Communication researchers John Sherblom, Lynnette Leonard and Lesley Withers.

Last fall, University of Maine senior Lyra Hall led three lives. Most of her classmates recognized Hall as a fairly outgoing mass communication major with a wry sense of humor. But a handful of others also knew that in the virtual world that is Second Life, Hall had two avatars — digital representations of a person, for the uninitiated — she named Jermaine Waffle and Rachael Fromund.

Jermaine liked jet skiing and hot air balloon rides. He was a muscular, jeans and T-shirt kind of guy. Rachael, who hung out at clubs, was very sociable, but didn’t have many true friends. She was slender with a schoolgirl style (think early Britney Spears).

Negotiating the two other personas as part of professor John Sherblom’s course in communication and technology was challenging — and revealing — for Hall.

“You can see how people interact with you differently,” says Hall, who is from Machias, Maine. “Sometimes, it’s a little weird (having an avatar) of the opposite sex. It’s a little difficult to get used to.”

In Sherblom’s class, such lessons occur in what amounts to a laboratory for interpersonal communication processes. In real life, the way students interact is often based on factors over which they have little control: race, gender, social class, upbringing and geography, to name a few. In Second Life, they can choose their avatars’ physical and cultural identities. Afterward, they have time to consider why they made those choices and how those choices affected the way they communicated with other avatars.

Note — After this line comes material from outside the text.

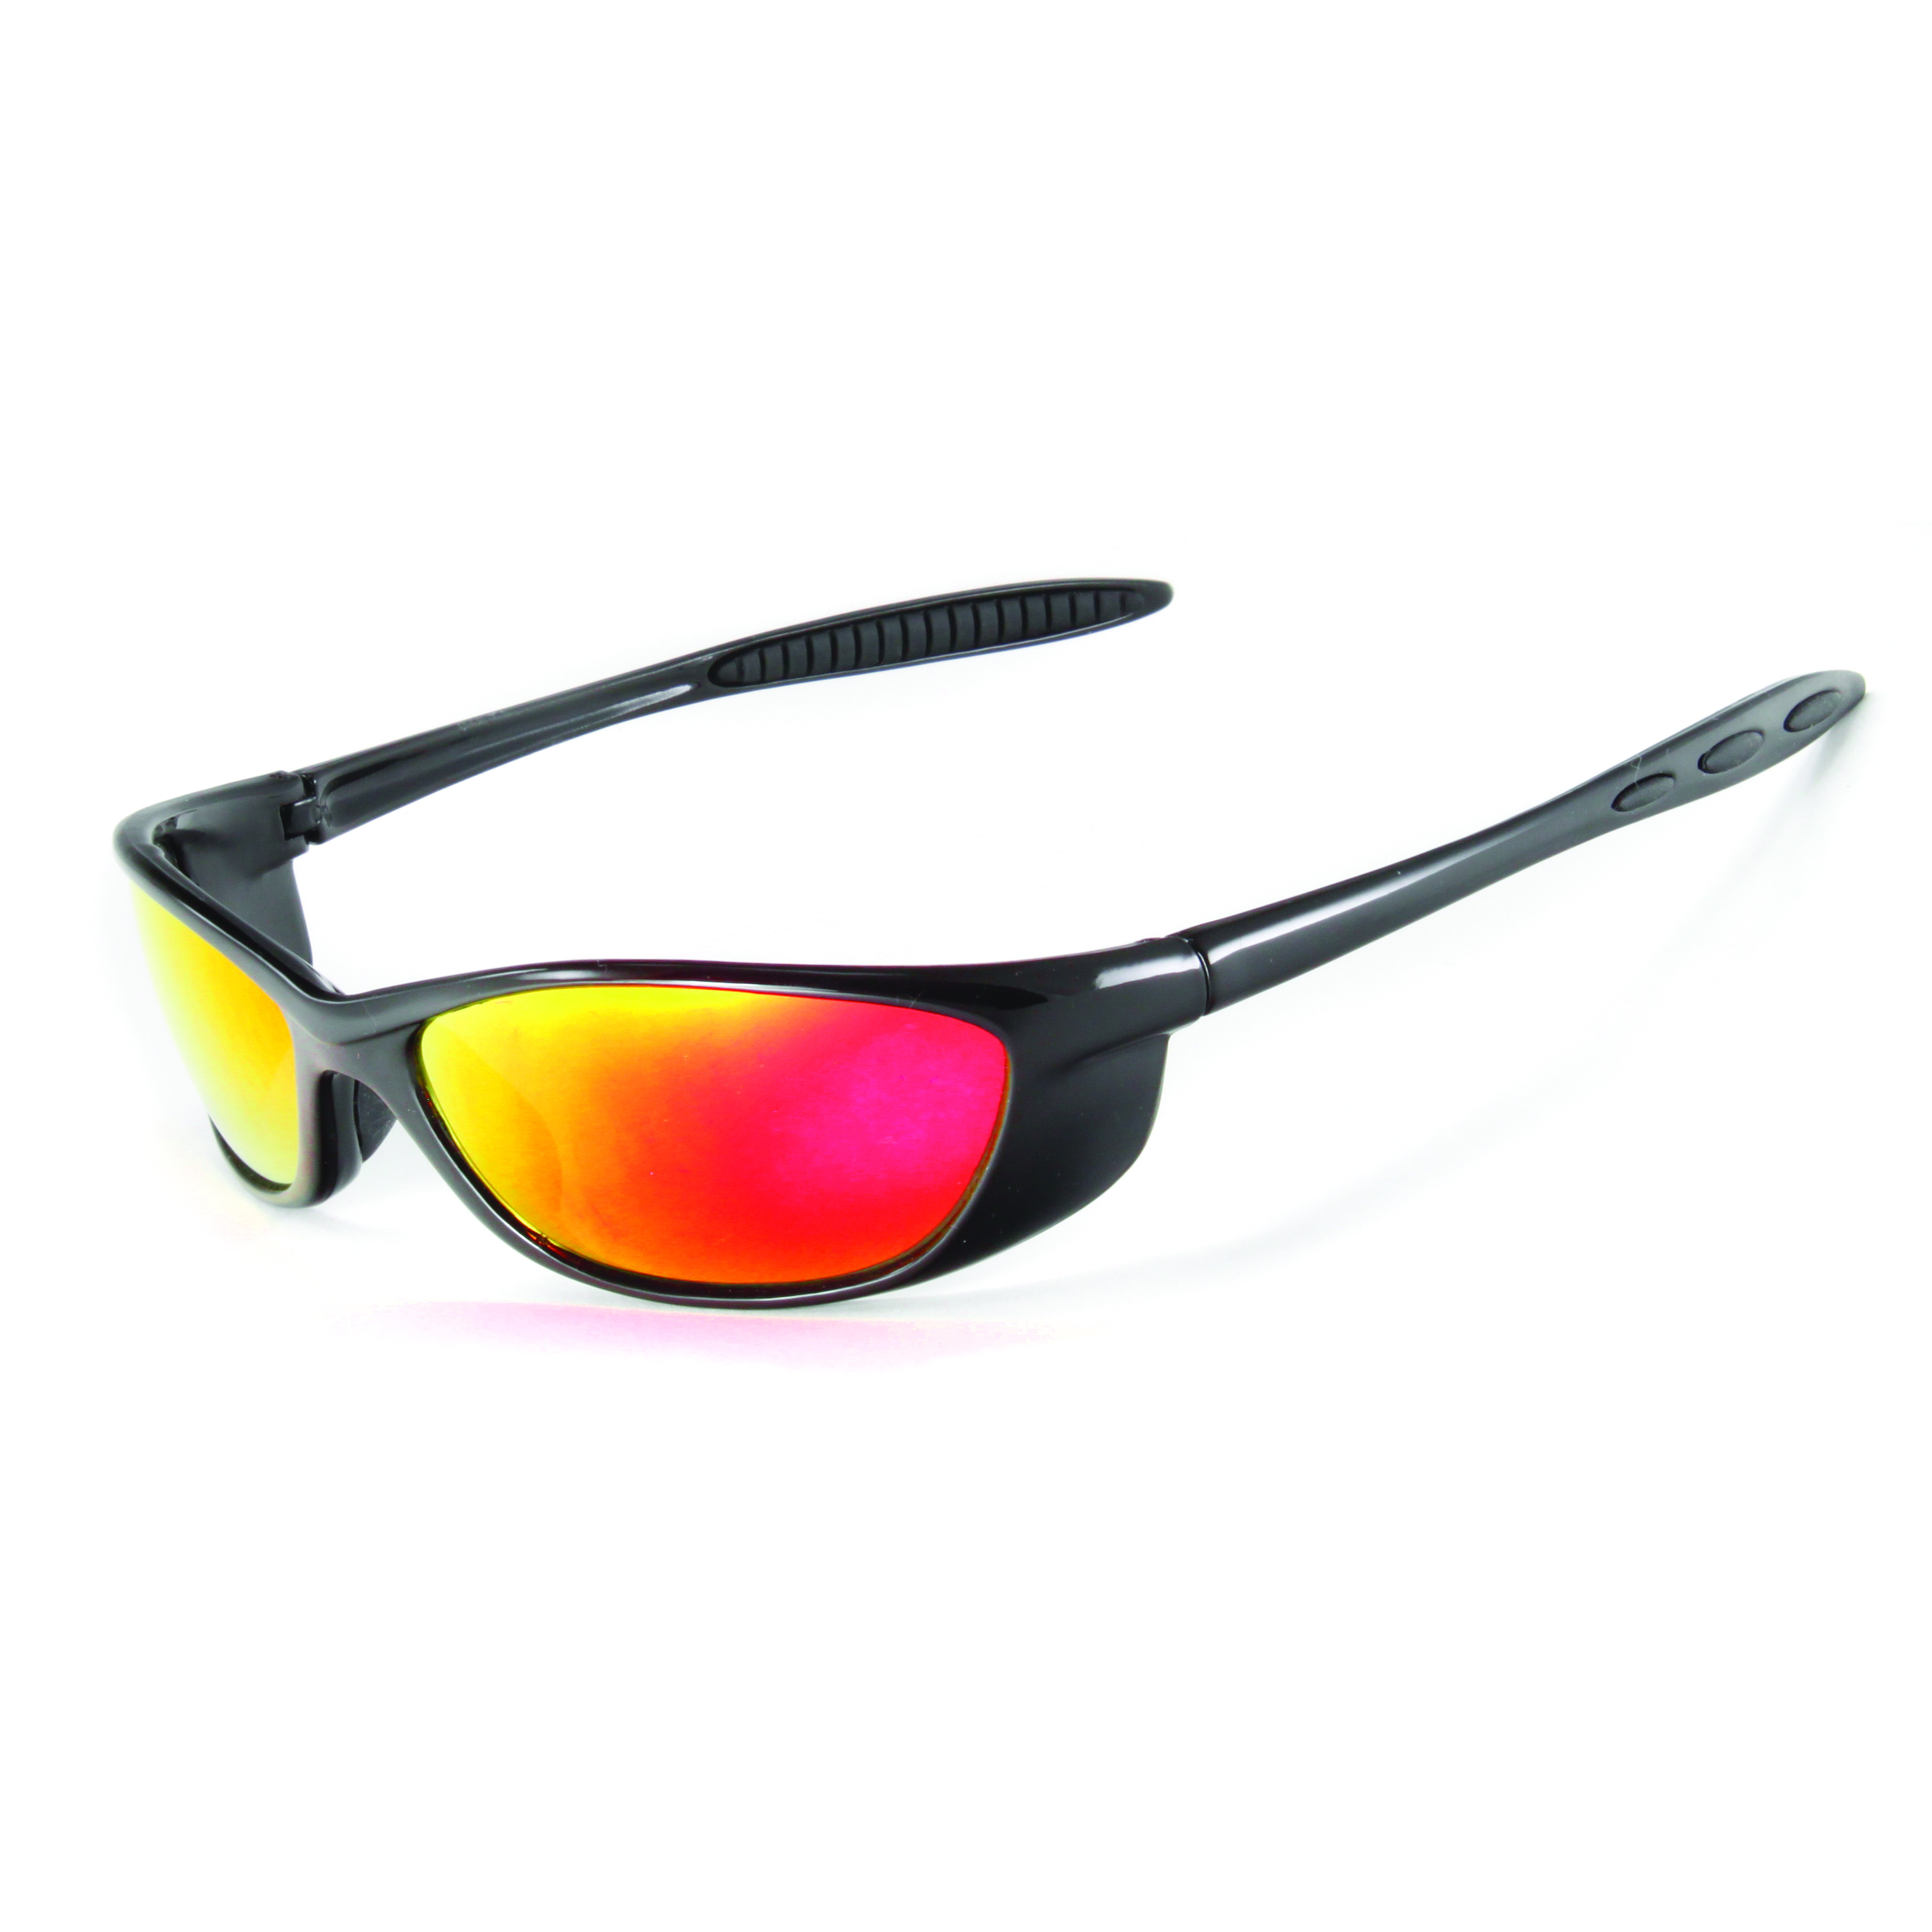 Spyder Sport Safety Glasses w/ Black Frame and Red Mirror  Lens

As they navigate Second Life, they also become acutely aware that identity is social — a co-constructed reality. For example, there was only one person — the same person — behind Lyra Hall’s avatars Jermaine Waffle and Rachael Fromund. But other Second Life residents treated them differently, in part because of their appearance and gender, and because of the way Hall communicated through them.

“When I talk in class about issues of identity, about the symbolic interaction of the ‘I,’ the ‘me’ and the ‘generalized other’ — about how we construct our social reality through our communication, and how we coordinate and manage meaning structures with others — those are abstract concepts that are not easily understood. But here, in Second Life, students get to experience what those concepts mean,” Sherblom says. “When they reflect on what they’ve experienced, they’re able to better understand.”